Summary

Summary#

In this workshop, we covered:

1. Understand how to profile Python code and identify bottlenecks

  • Measure the time of cells, functions, and programs to find bottlenecks e.g., using timeit and line_profiler.

  • Visualise the profiled code e.g., using SnakeViz and pyinstrument.

  • Log profiling information e.g., using Eliot.

  • Consider how fast the code could go e.g., Big O notation.

2. Understand how to choose the most appropriate data structure, algorithm, and libraries for a problem

  • Make use of the built-in functions e.g, use len rather than counting the items in an object in a loop.

  • Use appropriate data structures e.g., append to lists rather than concatenating, use dictionaries as fast to search look-ups, cache results in dictionaries or tuples to reduce repeated calculations.

  • Make use of the standard library (optimised in C) e.g., the math module.

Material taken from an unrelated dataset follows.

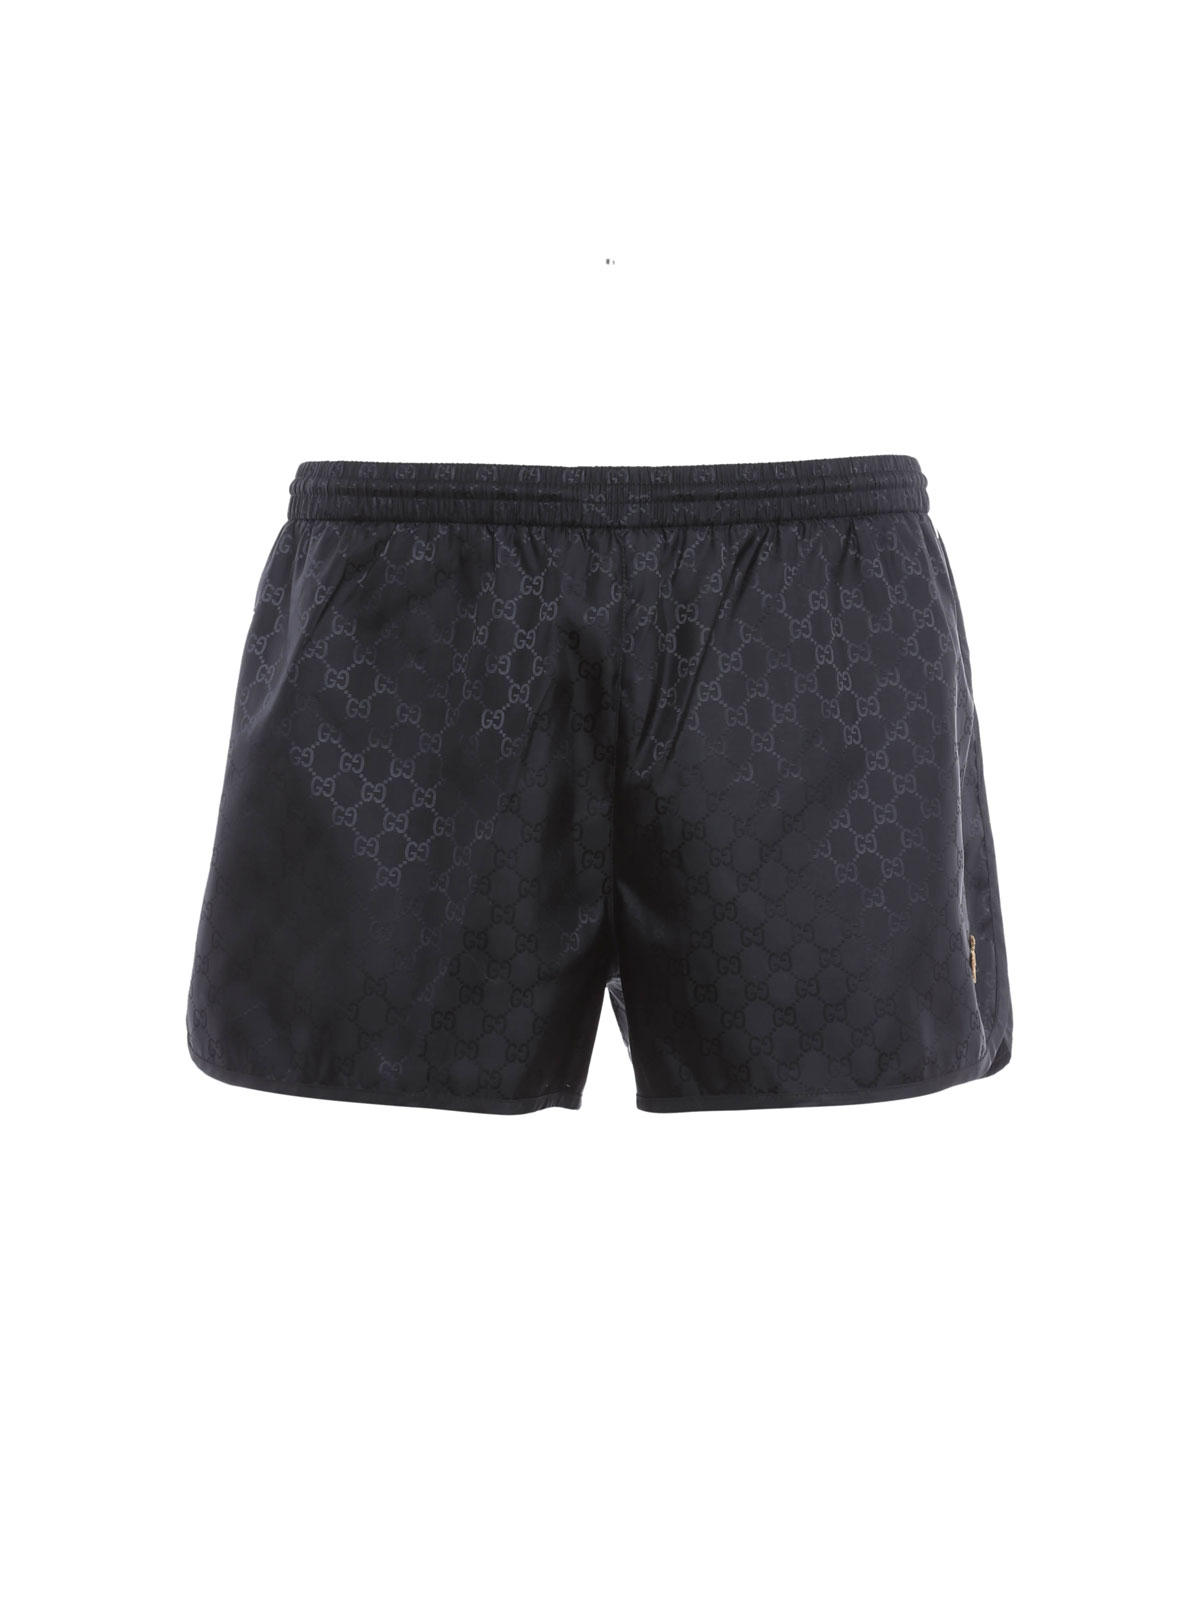 GG Supreme swim shorts by Gucci - Swim shorts & swimming trunks | iKRIX

  • See whether there is an algorithm or library that already optimally solves your problem e.g., faster sorting algorithms.

3. Improve the execution time of Python code using:

  • Vectorisation

    • Take advantage of broadcasting for different shaped arrays.

    • Use vectorised functions where you can e.g., NumPy ufuncs.

  • Compilers

    • Speed up numerical functions with the Numba @njit (nopython) compiler.